Check out one of my quick and dirty graphs:
<http://yowzas.com/charts/view/0316017922.gif>

------
aristus
When comparing technology vendors in a mature area I think it's good to pick a
new, smart entrant who's somewhat proven but still hungry. They are the ones
who get customers by competing on quality and features. Don't always go with
the default or the sexy choice.

"somewhat proven" is key. Don't shoot yourself by piloting something
experimental without the ability to fix it yourself or replace it in a hurry.

Know the technology well. Build the quick+dirty version yourself, then shop
around for mature software that does what you now know you need.

------
brandnewlow
Every morning I wake up and read all the latest Chicago news, looking for
stuff to submit to my social news site or pass along to other users to check
out.

This was taking a long time and wasn't very fun.
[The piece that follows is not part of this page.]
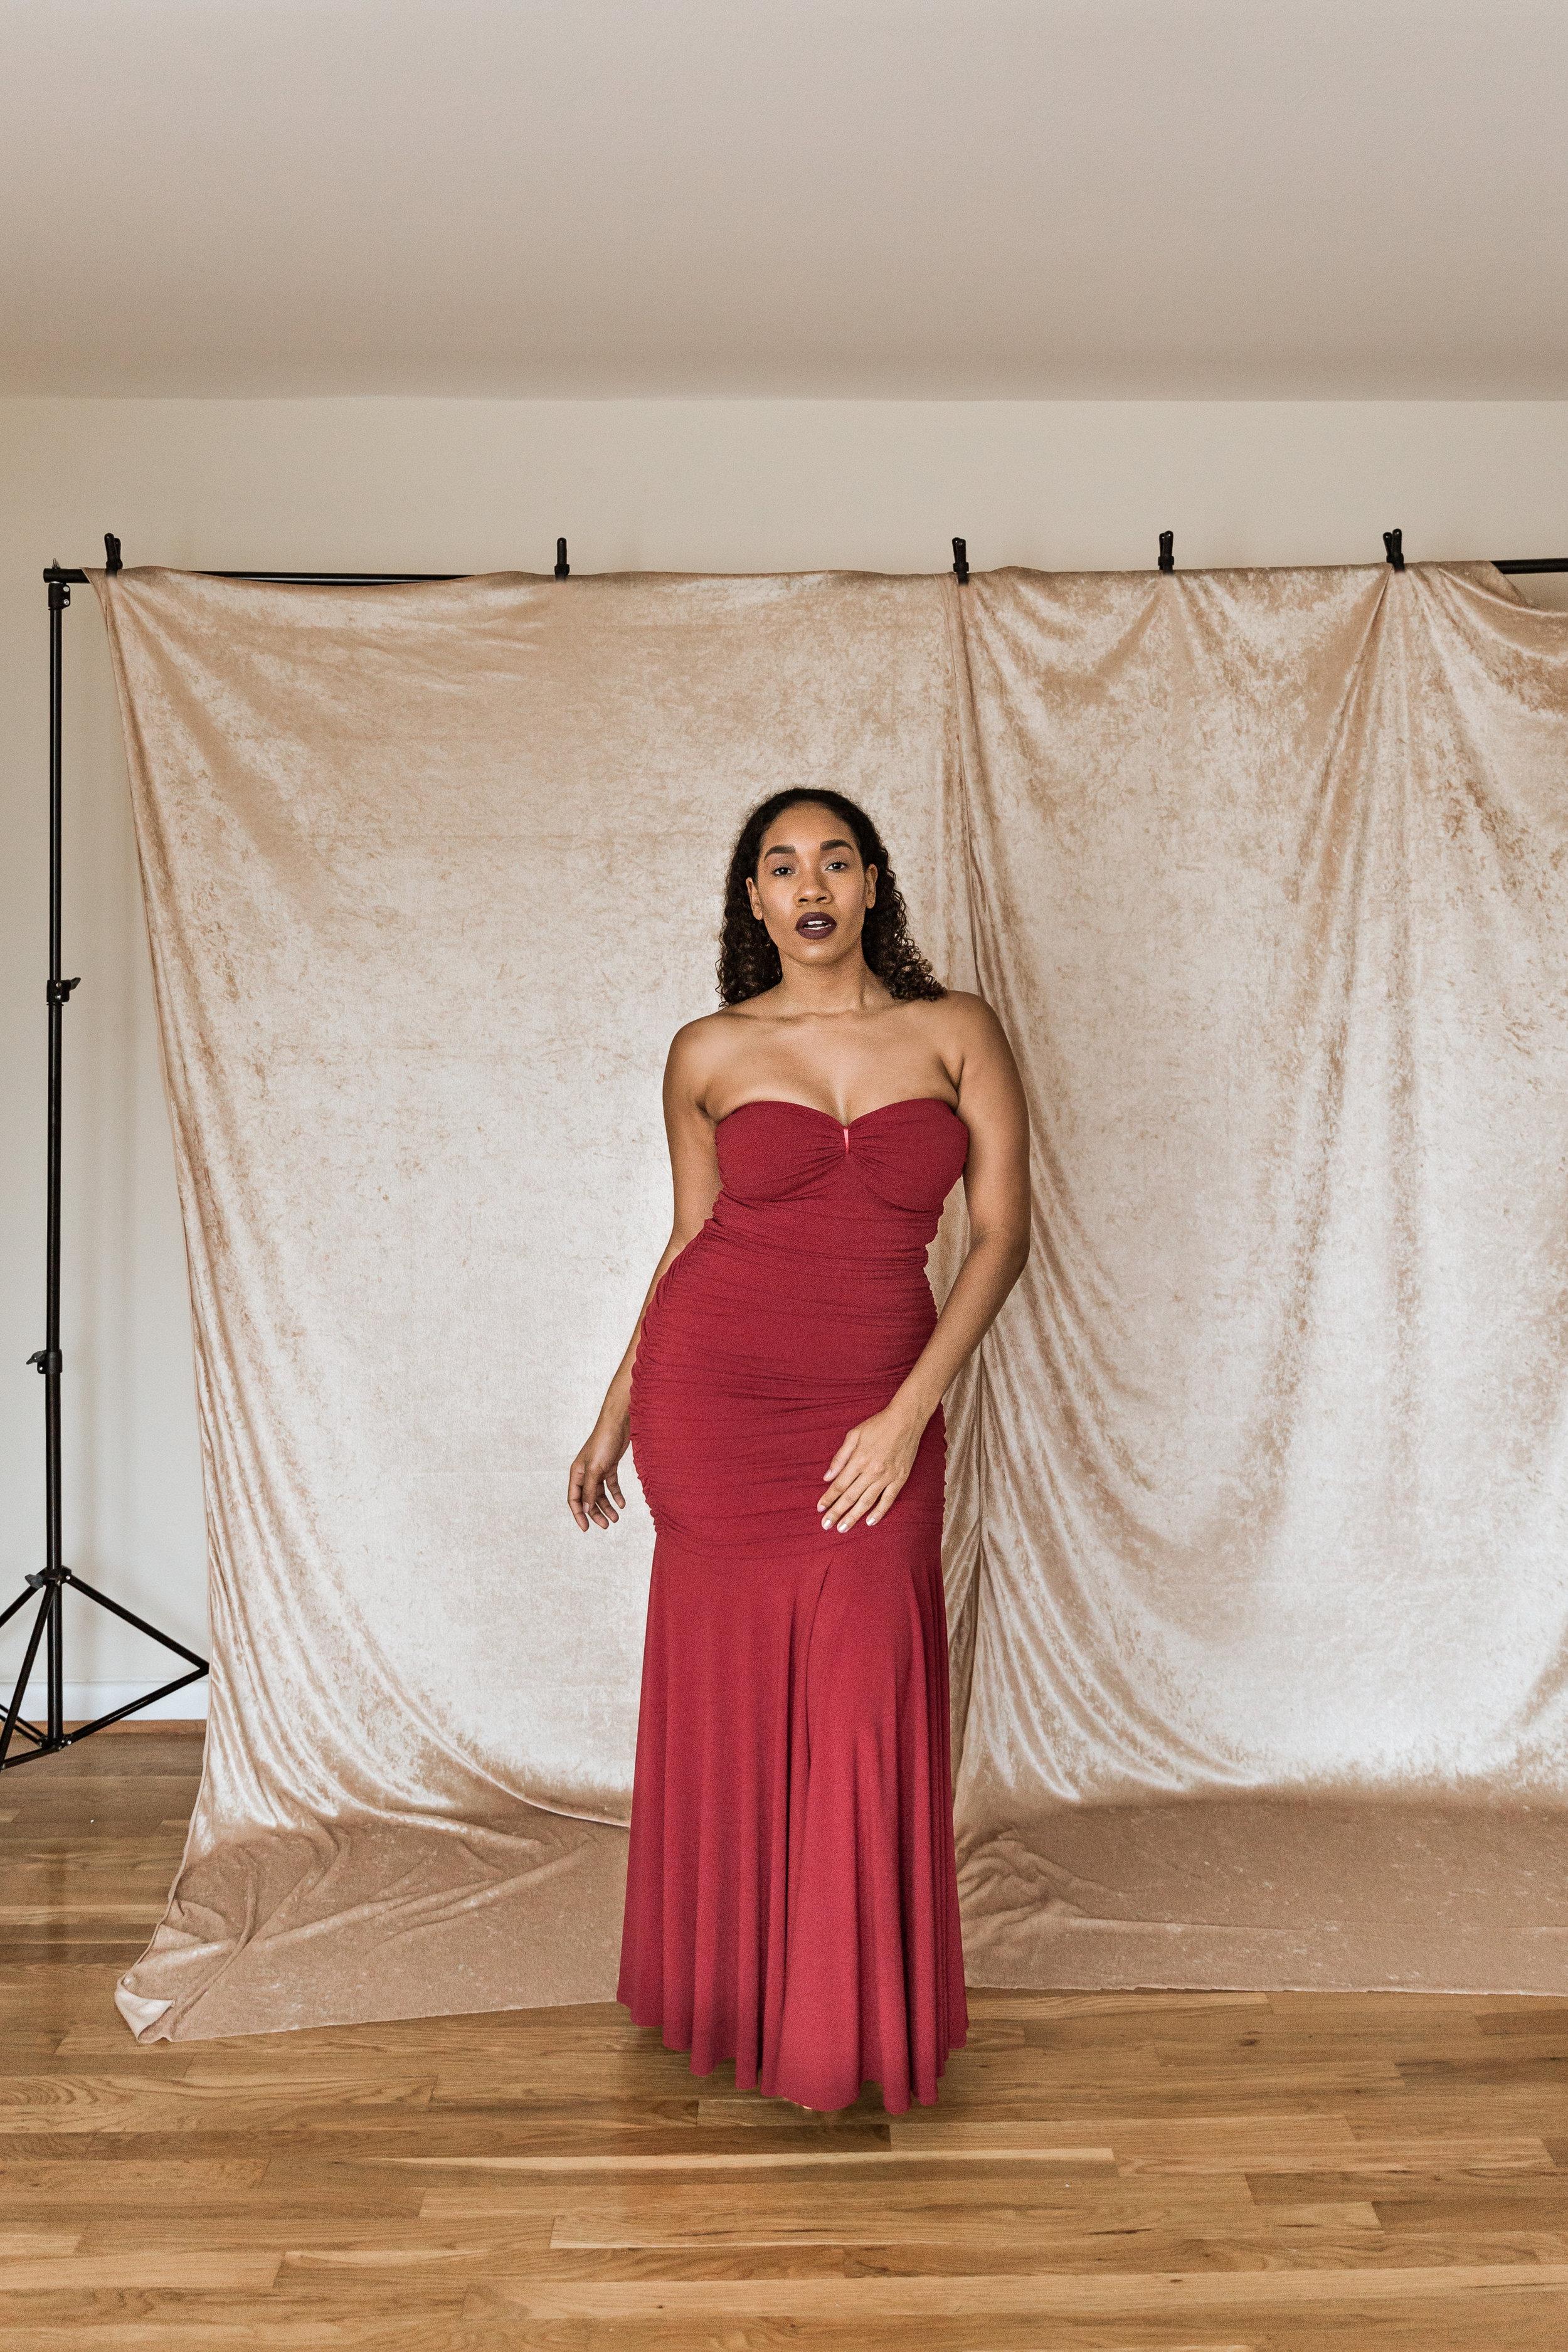 Tenneal McNair Photography Portraits Editorial Fashion Photographer Washington DC New Orleans NY (6).jpg

So I created my own private alltop/tinyURLs for every mainstream media RSS
feed, local blog and the search results for "Chicago" for all the big social
media sites.

It's saved me great big gads of time. At some point I will possibly open this
up to others.

------
skmurphy
Patrick, you've also mentioned this dashboard on JBoS. I would be interested
in licensing the script(s) from you. Contact info in my profile.

------
izak30
Read non-important news once a week.

Check your e-mail when you're not working..not all day.